Products like a good deep conditioning hair mask can help bridge the gap between appointments when you’re not loving where things are, but they’re a band-aid, not the solution. You shouldn’t have to compensate at home for what’s going wrong in the chair.

Sign #1: You’ve Already Thought About Leaving But Keep Talking Yourself Out of It

This is the one. I put it last because I think it’s the truest sign of all, and if you’ve read all the way down here, I suspect it’s the one you recognized in yourself before you even clicked on this article. You’ve had the thought. Maybe more than once. You’ve driven past another salon and wondered. You’ve looked someone up online and then closed the browser because it felt like a betrayal. You’ve told yourself you’ll give it one more appointment, maybe two, and that was a year ago.

That thought, the one you keep having and keep dismissing, is not disloyalty. It’s information. And the fact that you keep dismissing it out of guilt or habit or the fear of an awkward conversation says more about how much you value other people’s comfort over your own than it says about how good of a situation you’re actually in. I’ve had clients leave me over the years, and the ones who handled it gracefully just sort of stopped booking. That’s allowed. You don’t owe anyone a breakup speech. A good stylist would genuinely want you to find someone whose work lights you up, even if that means leaving.

What I’d actually suggest, practically, is to try one new stylist for a single appointment, something lower stakes like a haircut without color, before you make any big declarations. You don’t have to announce that you’re leaving. Just book somewhere else and see how it feels. If it feels like an exhale, you’ll know. Websites like StyleSeat or even a really specific Google search for “balayage specialist near me” or “textured haircut specialist” can help you find someone who has made a particular area their focus. Read the reviews carefully, look at the actual photos in their portfolio, and pay attention to whether their clients’ hair looks like your hair, your texture, your age range, your general vibe.

Some tools that help with the transition while you’re figuring it out: a good at-home glossing treatment can keep color looking fresh, and something like Olaplex bonding oil is genuinely worth having around if your hair is feeling stressed. But what no product can replace is the feeling of sitting in a chair with someone who is actually looking at your hair, listening to you, and caring about what you walk out with. That exists. It’s findable. You’re not asking for too much by wanting it.
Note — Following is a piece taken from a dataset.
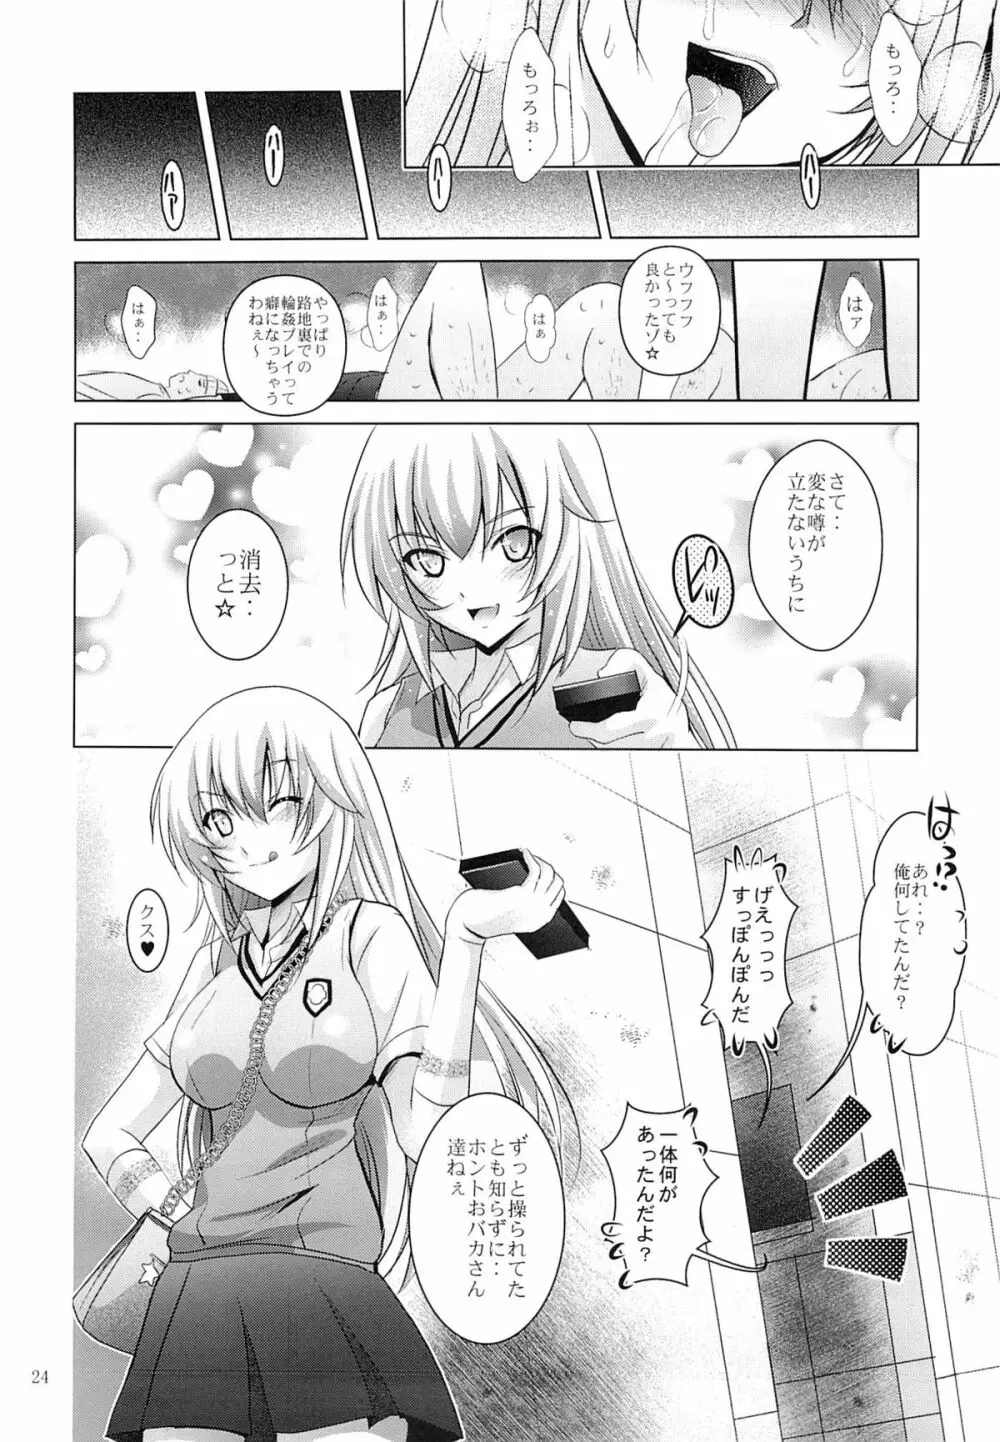 MOUSOU THEATER 41 23ページ
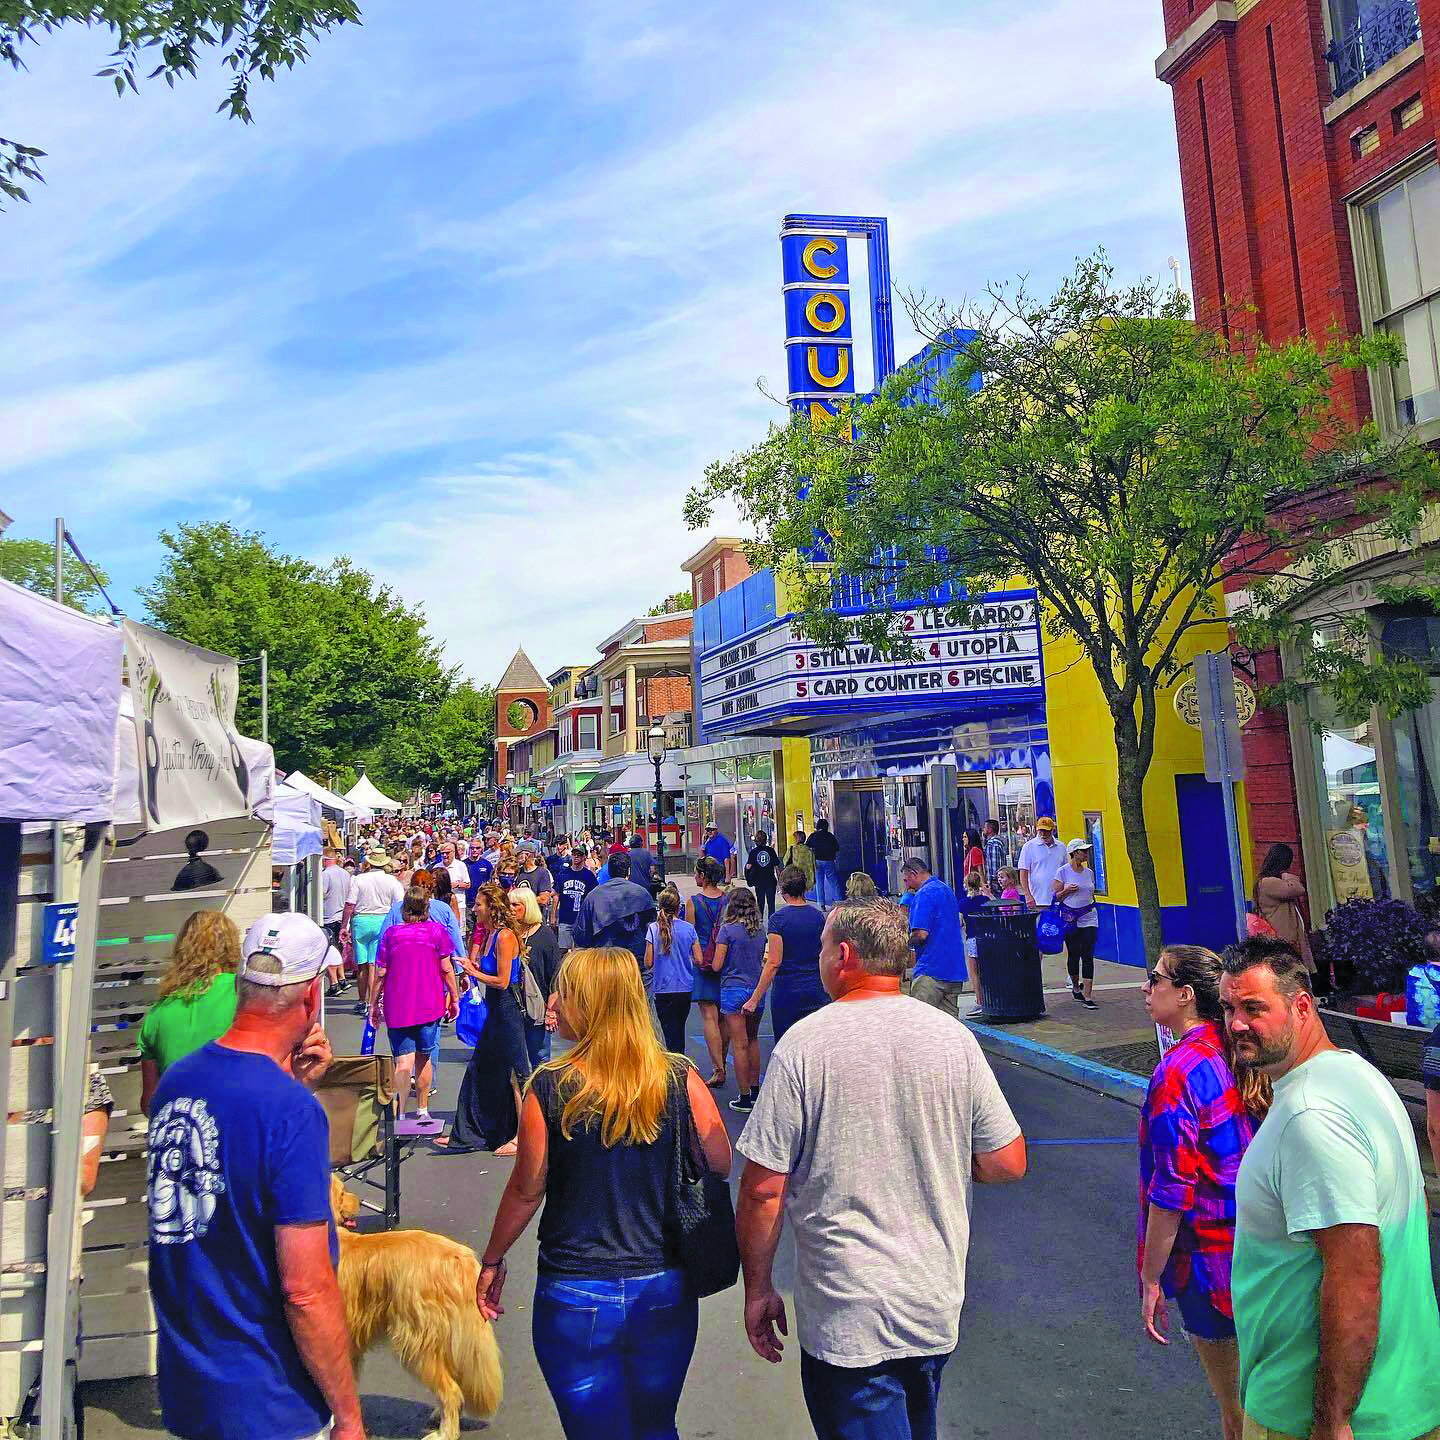 The crowd fills State Street during the Doylestown Arts Festival Sept. 11 and 12.

So, What Do You Actually Do With All This?

If you read through that list and nodded at more than two or three of them, I think you already know the answer, and honestly I think some part of you knew it before you found this article. Nine years is a long time and it makes sense that leaving feels heavy. But the women I’ve seen make a change after staying somewhere too long almost always say the same thing afterward: they wished they’d done it sooner, not because the new stylist is dramatically more talented necessarily, but because the new relationship feels like someone is actually seeing them.

You deserve to look forward to your hair appointments. You deserve to leave feeling good. You deserve a stylist who is as curious about your hair today as she would have been on day one. None of those things are too much to ask for. And the version of you who has been quietly dreading that chair every few weeks is ready for something better, even if she’s not quite ready to admit it out loud yet.

Go find your person. She’s out there.